Department of Laboratory Medicine, Yale School of Medicine, New Haven, Connecticut, USA.
Department of Pediatrics, Yale School of Medicine, New Haven, Connecticut, USA.
Transfusion. 2021 Feb;61(2):405-409. doi: 10.1111/trf.16179. Epub 2020 Nov 9.
Allogeneic platelet (PLT) infusion is a strategy to raise Factor V (FV) levels in patients with congenital FV deficiency. However, since FV is labile in vitro, we hypothesized that FV activity could be low in PLT units.
FV activity was tested using a prothrombin time-based platform in the supernatant and platelet lysate (PL) of apheresis PLT units (16 units stored in PLT additive solution with acetate and phosphate [PAS-C] and 10 units stored in plasma only), on post-collection days 3-6. Statistical analysis was performed using Student's t test (P < .05).
FV activity was severely diminished in PAS-C PLTs (N = 16) supernatant (3.70% ± 1.02%) and PL (3.26% ± 1.02%). FV activity in plasma-only PLTs (N = 10) was lower in both supernatant (44.55% ± 6.46%) and lysate (39.67% ± 6.33%) relative to normal plasma levels, but both were significantly higher (P < .0001) compared to PAS-C PLTs. In a separate set of experiments, FV activity in PAS-C PLTs examined serially over storage time (N = 3 for these experiments) showed that FV levels were reduced by day 3 and not significantly different by day 5 of storage (Day 3 supernatant 5.03% ± 1.41%; Day 5 supernatant: 3.10% ± 0.57%; P = .2; Day 3 lysate: 3.89% ± 1.03%; Day 5 lysate: 2.61% ± 0.41%; P = .4).
Plasma should be considered over PLTs as first-line therapy for non-complex FV deficiency-associated hemorrhage.
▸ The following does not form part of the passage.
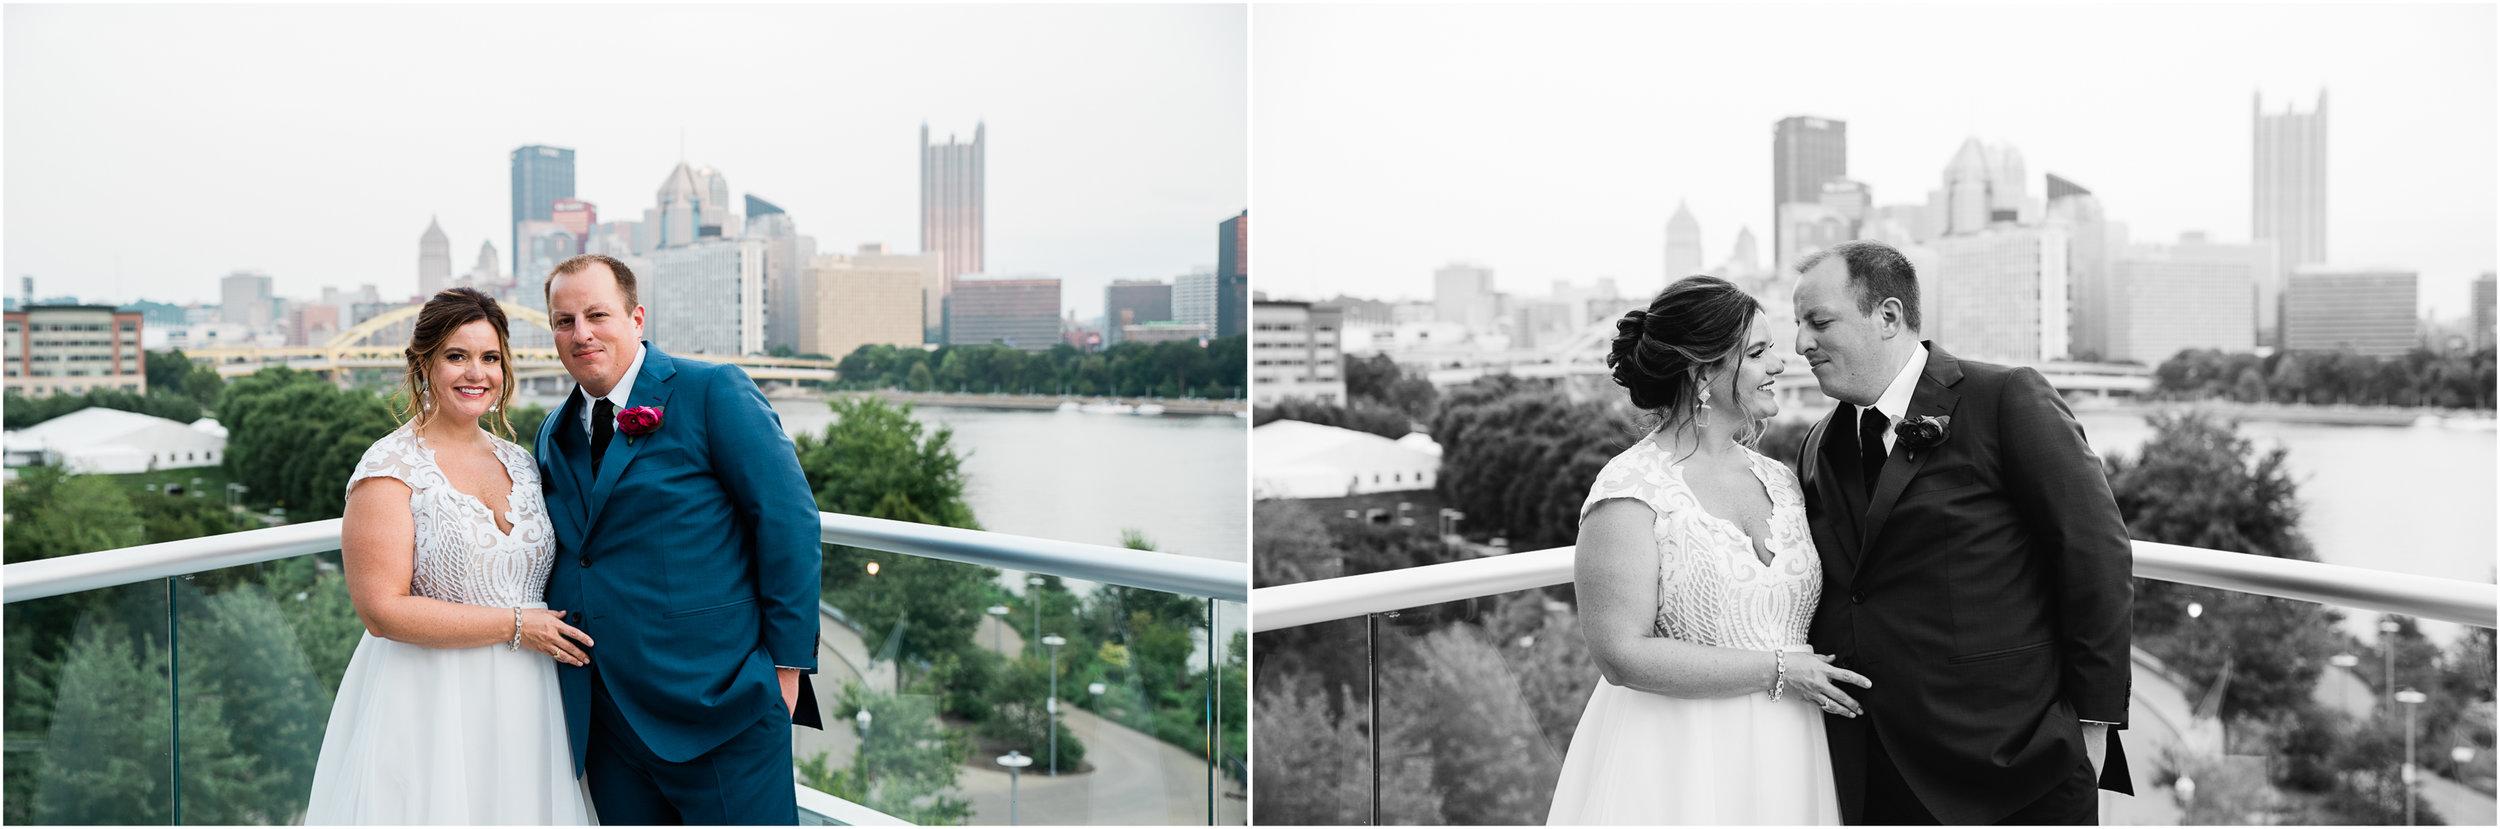 Pointview Hall Pittsburgh city wedding.jpg

If PLTs are considered for transfusion, plasma-only PLT units should be preferentially utilized, as PAS-C PLT have near-absent FV activity.
异体血小板(PLT)输注是提高先天性 FV 缺乏症患者 FV 水平的一种策略。然而,由于 FV 在体外不稳定,我们假设 PLT 单位中的 FV 活性可能较低。
使用基于凝血酶原时间的平台检测在收集后第 3-6 天的 16 个单位的在含醋酸盐和磷酸盐的 PLT 添加剂溶液(PAS-C)中保存的异体 PLT 单位(APheresis PLT 单位)的上清液和血小板溶解物(PL)中的 FV 活性(N = 16)和仅在血浆中保存的 10 个单位的 PLT 单位的上清液(N = 10)和 PL(N = 10)。使用学生 t 检验进行统计分析(P <.05)。
PAS-C PLT 的上清液(3.70% ± 1.02%)和 PL(3.26% ± 1.02%)中 FV 活性严重降低。仅在血浆中保存的 PLT(N = 10)的上清液(44.55% ± 6.46%)和 PL(39.67% ± 6.33%)中的 FV 活性均低于正常血浆水平,但与 PAS-C PLT 相比,两者均显著升高(P <.0001)。在另一组实验中,在存储时间内对 PAS-C PLT 中 FV 活性进行了连续检测(这些实验中 N = 3),结果表明 FV 水平在第 3 天降低,在第 5 天存储时无显著差异(第 3 天的上清液 5.03% ± 1.41%;第 5 天的上清液:3.10% ± 0.57%;P =.2;第 3 天的 PL:3.89% ± 1.03%;第 5 天的 PL:2.61% ± 0.41%;P =.4)。
如果考虑输注 PLT,则应将血浆视为治疗非复杂性 FV 缺乏相关出血的一线疗法。如果考虑输注 PLT,则应优先使用仅含血浆的 PLT 单位,因为 PAS-C PLT 几乎没有 FV 活性。